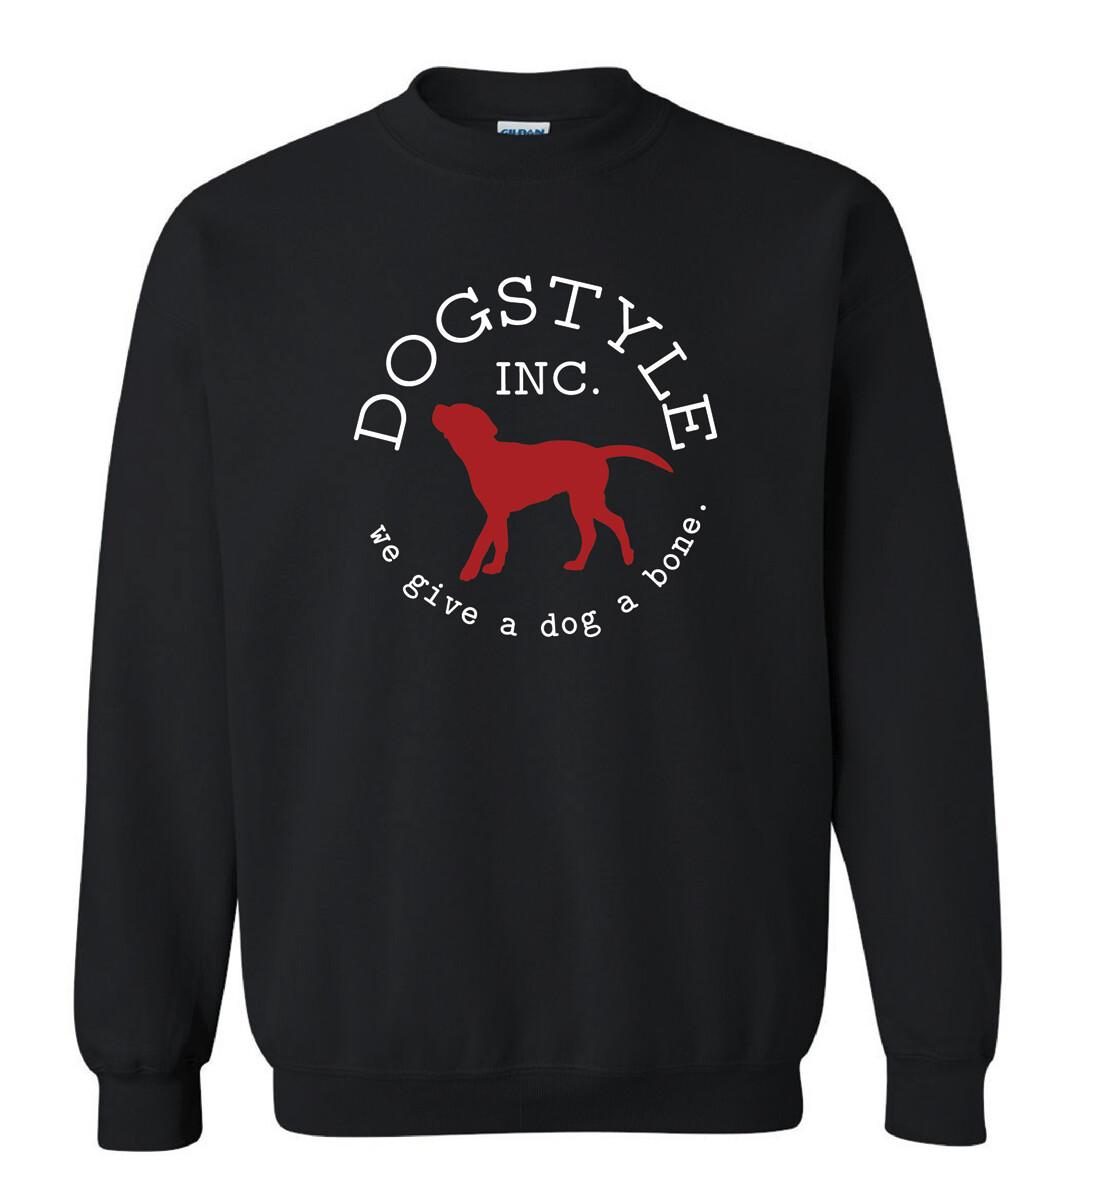 Dogstyle Crew Neck Sweatshirt - Black
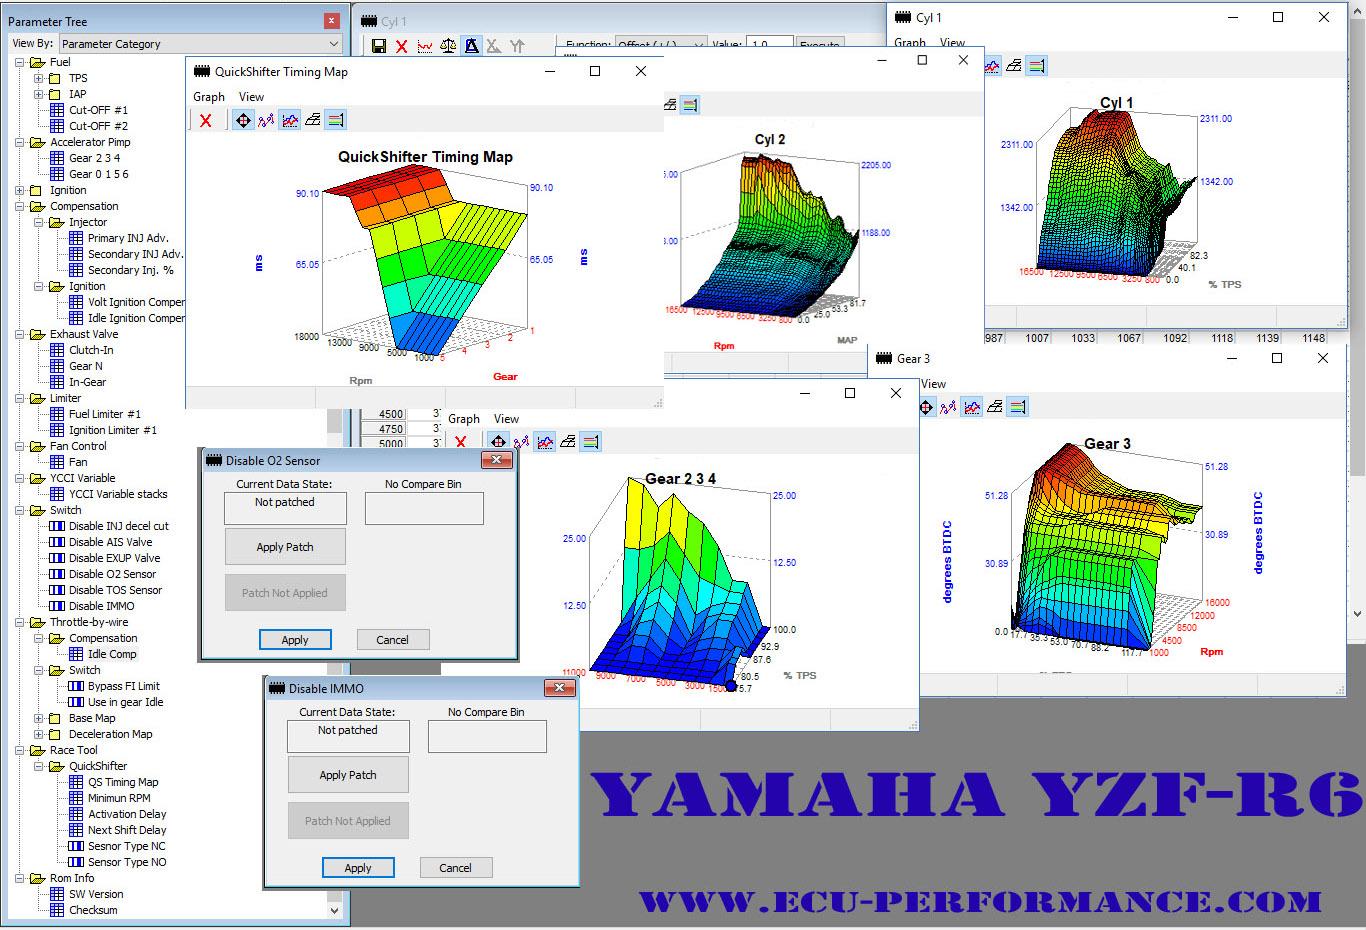 Yamaha – Ecu-performance
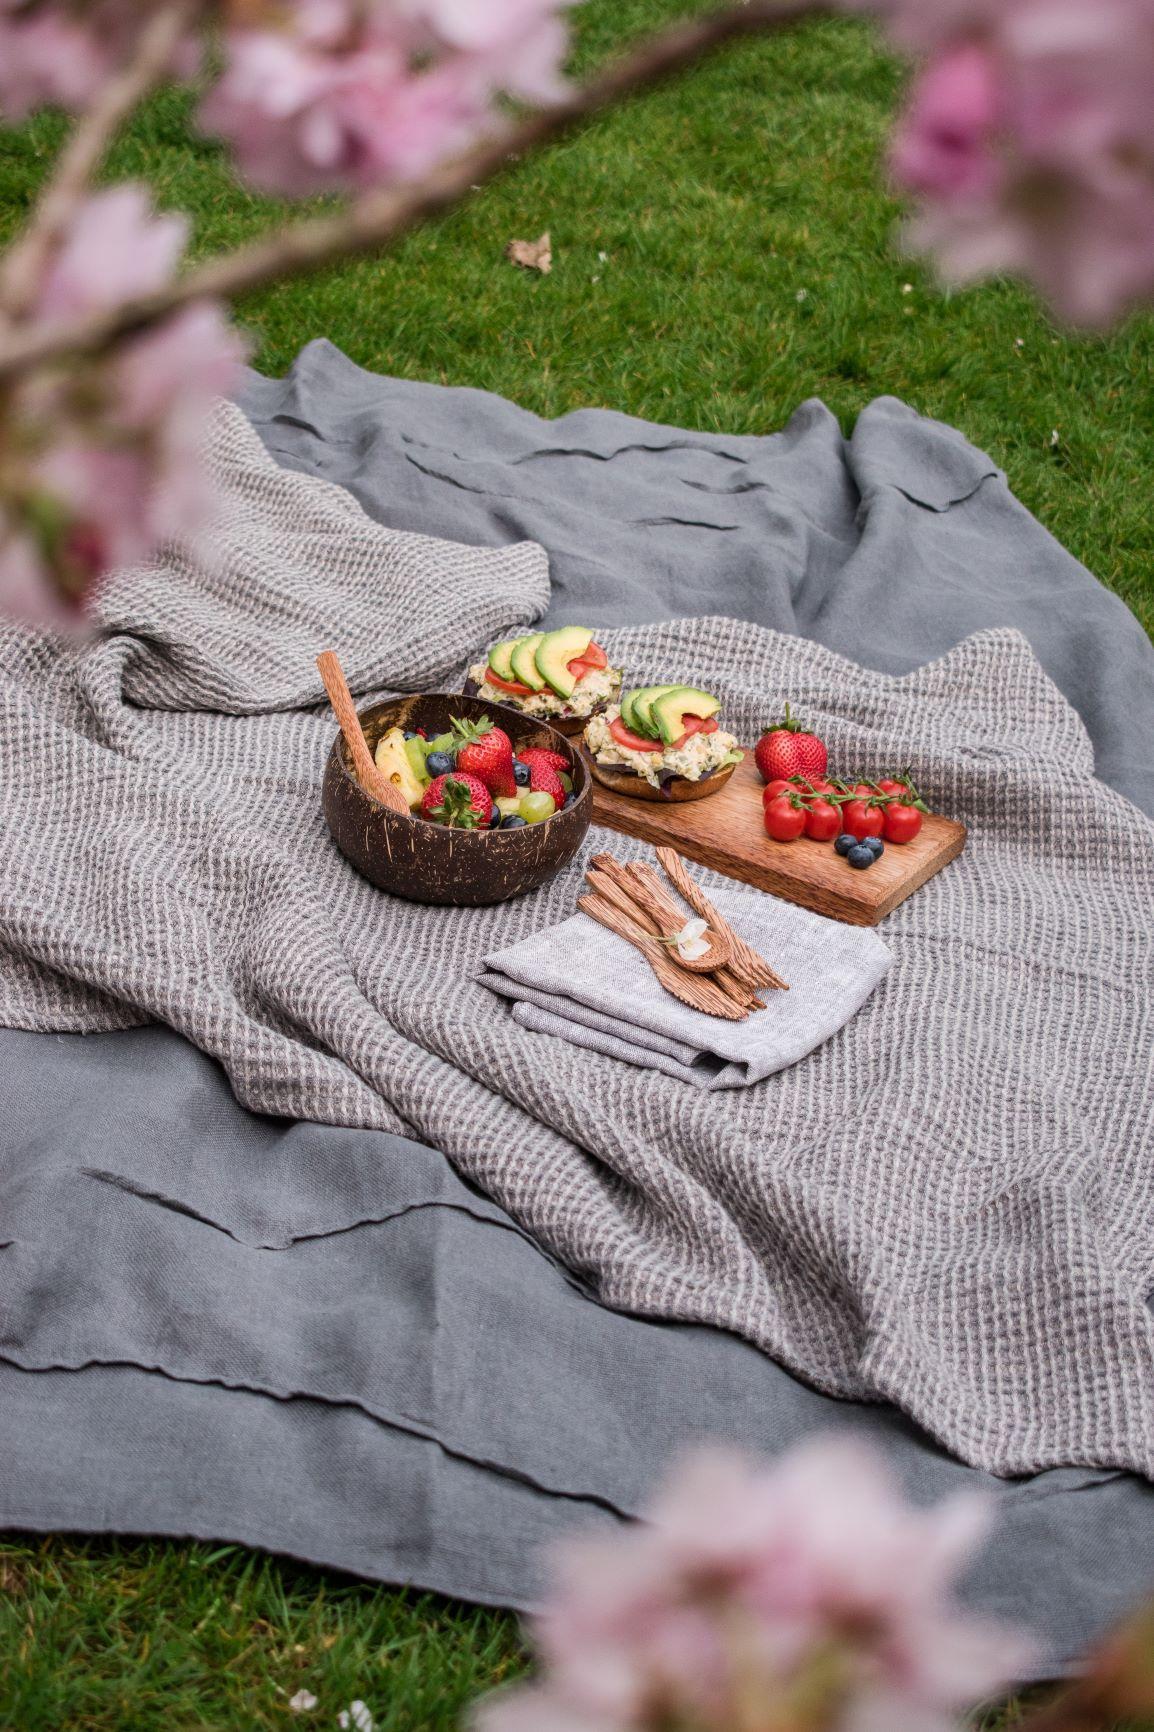 Food on a warm blanket

= EXERCISE BRIEF =
Please output the listing above in full, exactly as given, without its images.

= RESULT FOR THIS TASK =
 Dogstyle Crew Neck Sweatshirt - Black
 Yamaha – Ecu-performance
 Food on a warm blanket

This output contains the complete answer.